Northern Ireland’s Rory McIlroy, the world’s third-ranked golfer, said recently that he is “monitoring” the spread of the virus. He acknowledged there is a chance he could skip the Olympics – but is still planning to participate, as of now.
Earlier this month, U.S. women’s soccer goalie Hope Solo told CNBC she would “begrudgingly” participate in the Games, but added she probably would not leave her hotel room except for practices and matches.
Last week, USA Swimming decided to move its pre-Olympic training camp from Puerto Rico to Atlanta because of Zika concerns. Puerto Rico, a U.S. territory, has been the hardest-hit place in the United States, with more than 1,100 cases, including 139 pregnant women.
A public-health expert writing in the Harvard Public Health Review argued this month that the Games should be canceled or moved, because visitors infected with the Zika virus in Brazil will return home and accelerate the spread of the virus.
“Rio is not on the fringes of the outbreak, but inside its heart,” wrote Amir Attaran, a public-health and law professor at the University of Ottawa. He cited Brazilian government data showing 26,000 suspected infections in Rio, the highest of any state in Brazil.
And while it is true that the Games will take place during Brazil’s winter, he cited Rio city government data that cases of dengue, a related virus spread by the same mosquitoes, spiked 600 percent in the first quarter of 2016 compared to the previous year.
“Dengue is an outstanding proxy for Zika,” he said in an interview. Yes, there will be fewer mosquitoes in winter. “But it’s got to come down from six times the level of last year.”
U.S. health officials said the risk posed by the Olympics needs to be placed in the broader context of global travel. Even without the Games, there is an enormous amount of travel between the United States and Brazil. An average of 235,000 people already travel from the United States to Brazil every month, based on last year’s data, CDC’s Cetron said. U.S. Embassy officials estimate that as many as 200,000 Americans will visit Rio for the Games.
An estimated 500,000 to 600,000 foreign visitors are expected to travel to the Olympics, Cetron said. That accounts for only 1 to 2 percent of the total global air travel to the more than 40 countries with active Zika transmission, he said.

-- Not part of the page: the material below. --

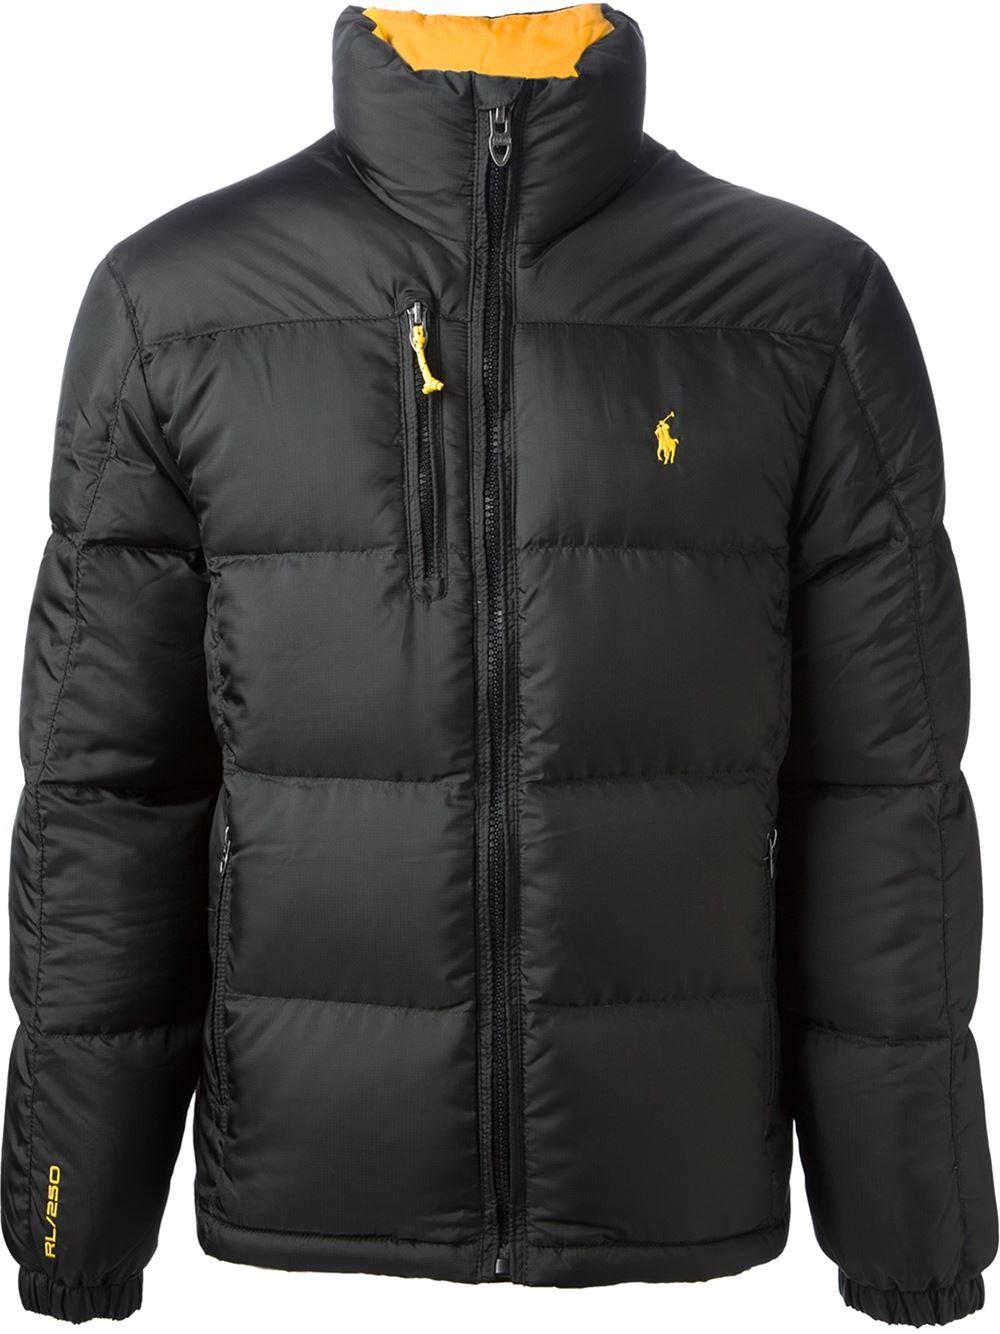 North Face Mens Fleece Jacket
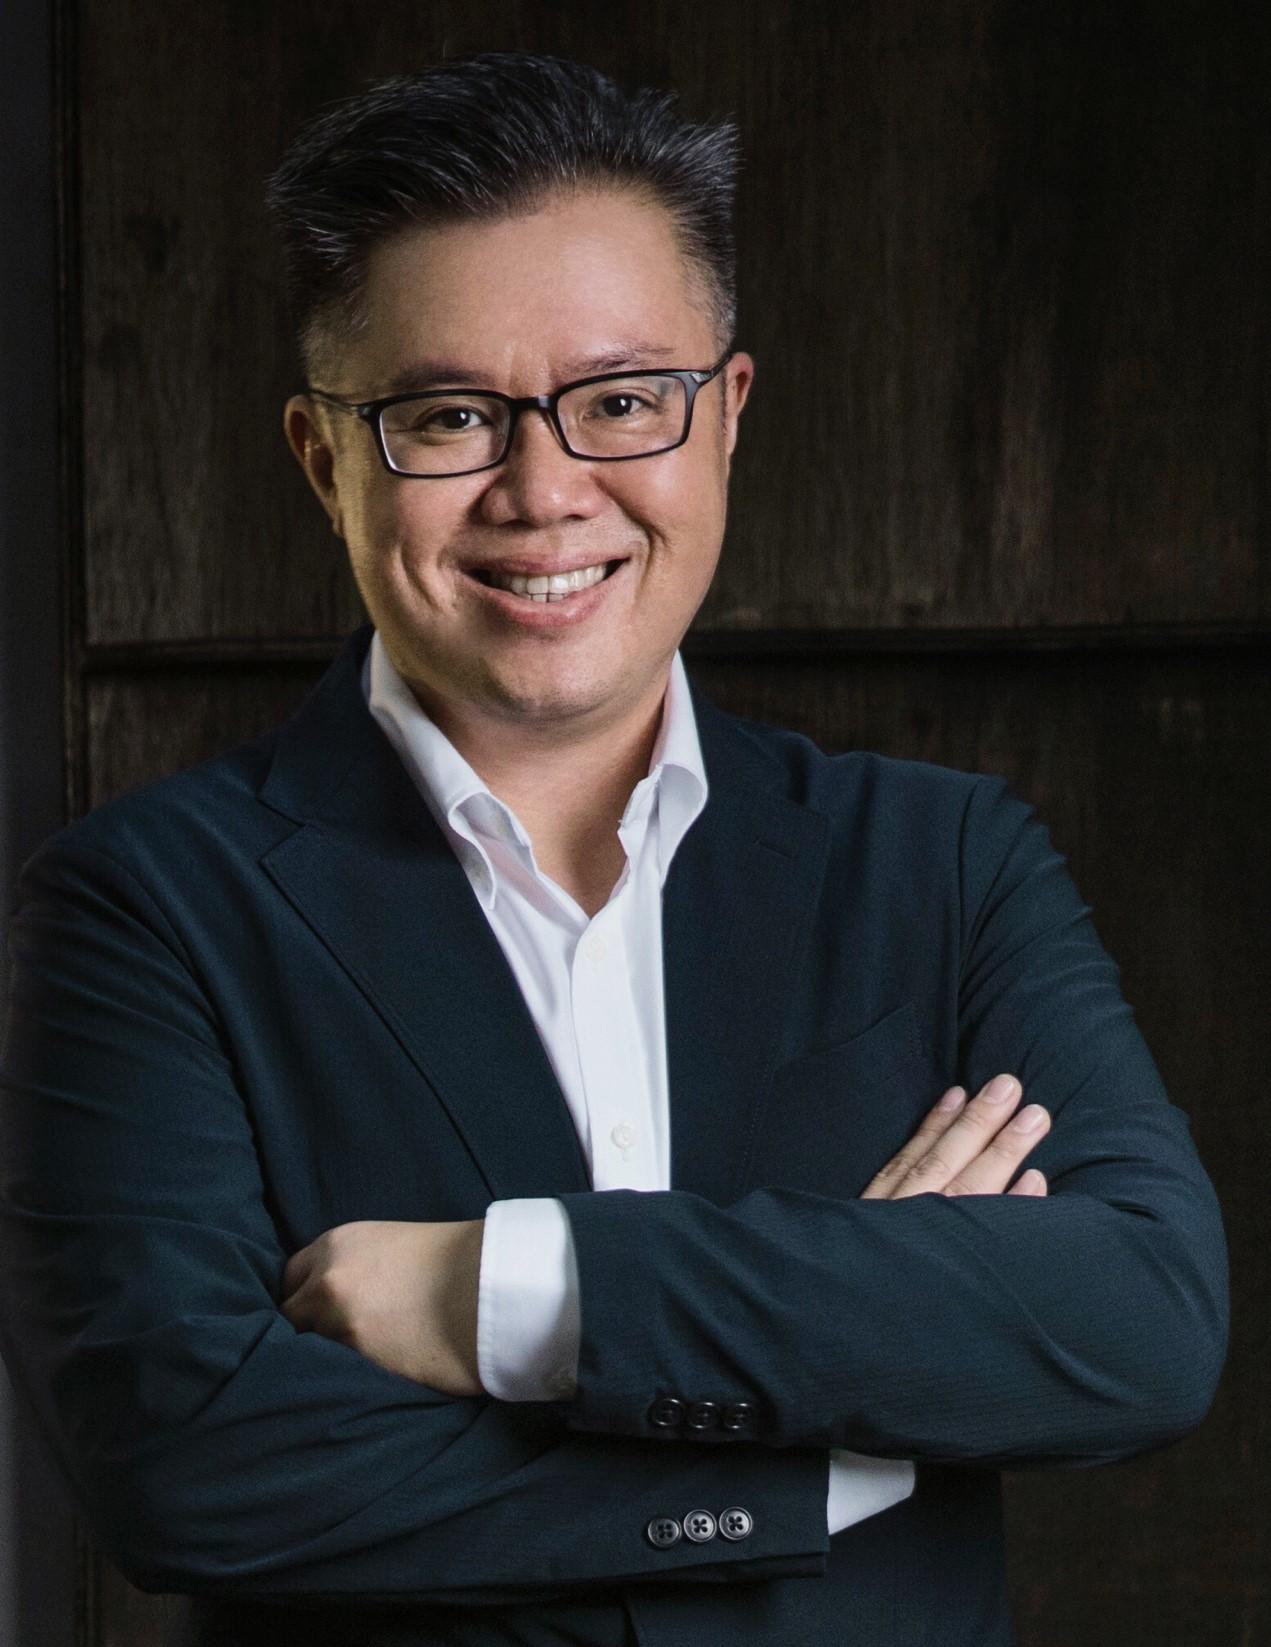 DANIEL SURYA, CEO WIR GROUP

Still, the CDC is conducting a risk assessment for each of the approximately 180 countries with known athlete delegations. More than 10,500 athletes are expected at the Olympics and about 4,350 are likely to be at the Paralympics. Analysts are looking at the expected number of athletes and travelers likely to go to Brazil, the susceptibility of those countries to epidemic diseases, and the potential for how added travel might accelerate the spread of Zika.
The analysis, which just started, is intended to help target resources to global disease control, Cetron said. “Do they need more diagnostics? What’s their status around vector control? It’s to get a better understanding of the public health response,” he said.
Dave Sheinin contributed to this story.